В свое время возбудили интерес еще рецензии г. Вл. С.[14] В них действительно попадаются дельные замечания (напр., о подражательности многих стихотворений г. Брюсова в 1-м вып.), но г. Вл. С. увлекся желанием позабавить публику, что повело его к ряду острот сомнительной ценности и к умышленному искажению смысла стихотворений. Говорим «умышленному»: г. Вл. С, конечно, должен легко улавливать самые тонкие намеки поэта, потому что сам писал символические стихотворения, как, напр., «Зачем слова…»[15].
На этом мы и покончим и не будем разбирать других заметок, потому что они (может быть, некоторых мы не знаем) представляют из себя простые перепечатки из других газет и журналов или бездоказательные насмешки и осуждения; ведь не обязаны же мы спорить со всяким, кто станет на большой дороге и начнет произносить бранные слова.
1895
Мировоззрения Баратынского
«Баратынский у нас оригинален, ибо мыслит» — этими словами Пушкин указал на самое существенное в поэзии Баратынского: он — поэт-мыслитель. Вот почему именно у Баратынского яснее, чем у кого другого, выразилось его мировоззрение, как он сам понимал его в часы раздумий. Небольшое собрание его стихов, конечно, не пересказывает всех выводов, какие он мог сделать из своих убеждений, но определенно знакомит с этими основными убеждениями. Стихи Баратынского замечательны именно их обдуманностью, поэт жертвовал скорее красотой стиха, чем точностью выражений: за каждым образом, за каждым эпитетом чувствуется целый строй мыслей. Поэт непосредственного вдохновения, пожалуй, глубже раскроет перед читателями свою душу, — но никто вернее, чем поэт-мыслитель, не ознакомит со своим рассудочным миропониманием, с тем, что сам он считал своей истиной…
В стихах Баратынского, начиная с самых ранних, чувствуется резкий разлад настроений. В юношеских произведениях он с одинаковой готовностью повторяет и ходячие советы эпикурейской мудрости, и сетование философов на суету жизни. Сам Баратынский то называл себя «певцом веселья и красы», то «разочарованным», который «безрадостно с друзьями радость пел». Плетнев в 1822 году прочил ему два венка — Анакреонта и Петрарки, а немного спустя к нему обычно применялось имя поэта элегического.
В 1825 году Баратынский получил возможность покинуть Финляндию, вернуться в круг близких и друзей.
Вскоре после того он женился.

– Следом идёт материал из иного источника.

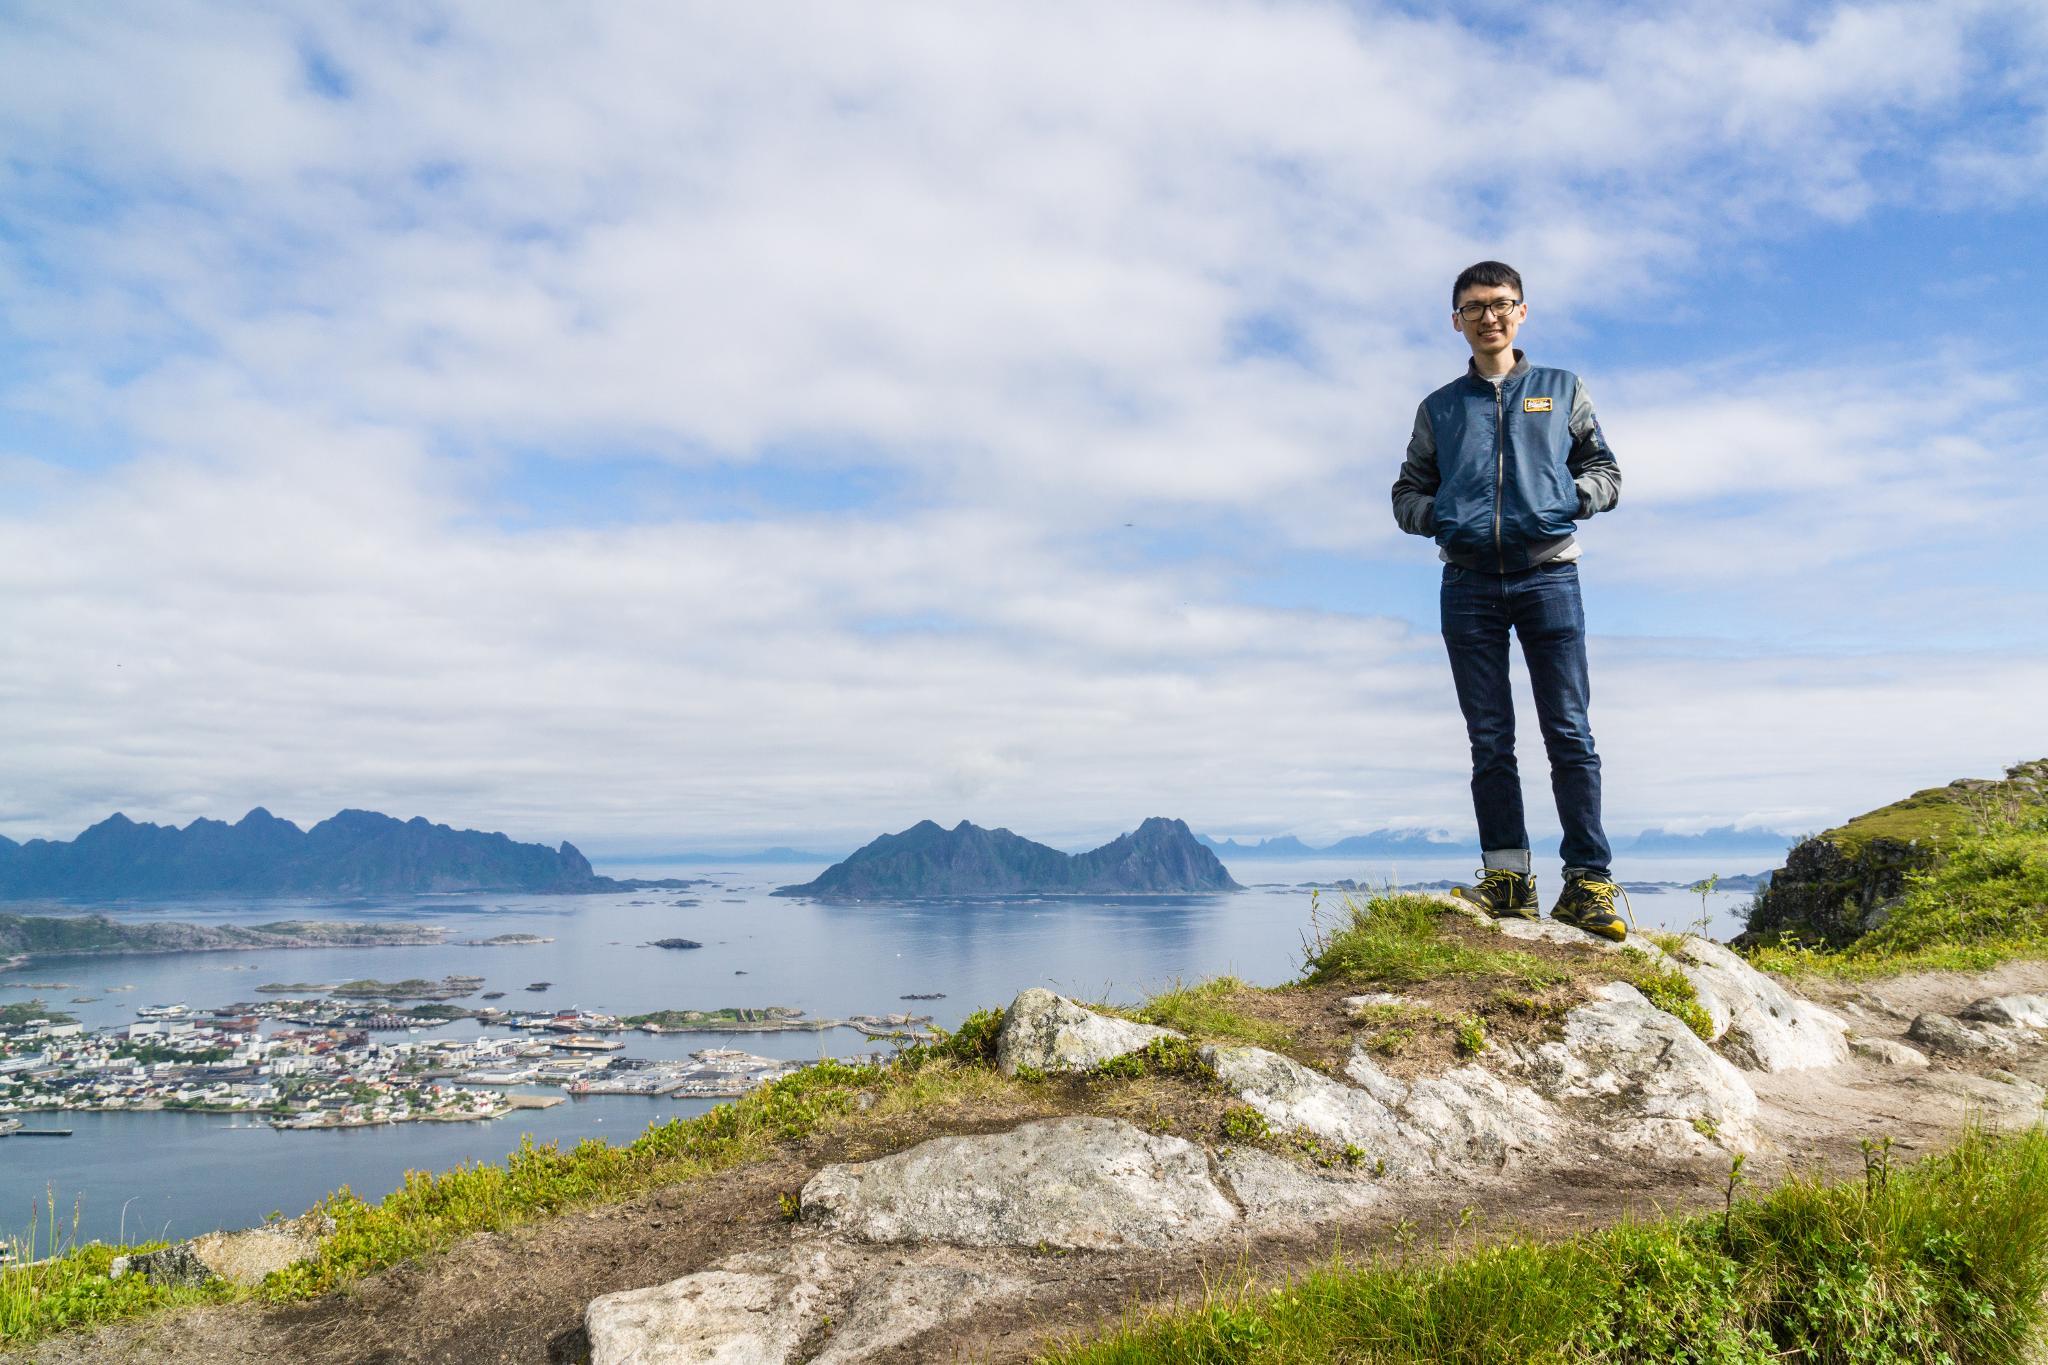 【羅弗敦群島】一次眺望兩個小鎮的人氣健行路線 - Tjeldbergtind Trail 15

Лично знавшим его он казался вполне довольным судьбой. Но именно в это время настроения грустные, даже мучительные начинают преобладать в его поэзии. Вместе с тем печаль его стала более глубокой, более сознательной. Он пишет целый ряд безнадежнейших жалоб, развенчивая заветнейшие радости человечества.
В эти годы Баратынский в своих философских воззрениях окончательно примкнул к пантеизму. Безрадостное учение о неправедности существующего строя жизни, видимо, отвечало тайным запросам его души. Личное бытие, отделившееся от своей «давней отчизны», «стихийного смятения», — есть заблуждения, мир явлений; оно мучительно. Жизни Баратынский придает эпитеты «болезненной», «недужной»; в смерти он видит возвращение к естественному состоянию и называет ее «отрадной», «обетованной», «примиряющей». Страсти, как необходимое условие и пища личного бытия, — столь же лживы и мучительны; притом так называемые дурные чувства, пороки ничем не ниже, чем добродетели (вот почему в своих поэмах Баратынский избирает героями именно согрешивших или порочных — Эду, Нину, Елецкого, Сару). Но мыслящий человек понимает мучительность всяких душевных волнений, и его задача — освободиться от них, принять в душу «спасительный, мертвящий хлад», хранить «бездействие» души. Вот те мысли, которые Баратынский повторяет в своих стихах, то как общие положения, то на частных примерах[16].
Примеры?
Удовлетворила ли Баратынского эта безнадежная философия? Нет, — в нем осталась живой та потребность полноты жизни, которая заставила его в юности сказать эти проникновенные слова:
Мгновенье мне принадлежит, Как я принадлежу мгновенью.Буддийское исчезновение в нирване не могло стать желанной целью для души, преисполненной замыслами.
В годы, когда Баратынский писал «Сумерки», свою безотраднейшую книгу, — у него бывали, видимо, минуты бодрого прилива сил, чисто юношеского веселья. В такие-то минуты написаны веселые застольные песни «Бокал» и «Мою звезду я знаю, знаю!»; эти песни звучат странным противоречием с угрюмыми стихами о смерти, тлении, о отраве любви, о мучительности страстей. В стихотворении «Лета» Баратынский, видимо, сознанием сладости жизни — отрекался от забвения:
И вовек утех забвеньем Мук забвенья не куплю.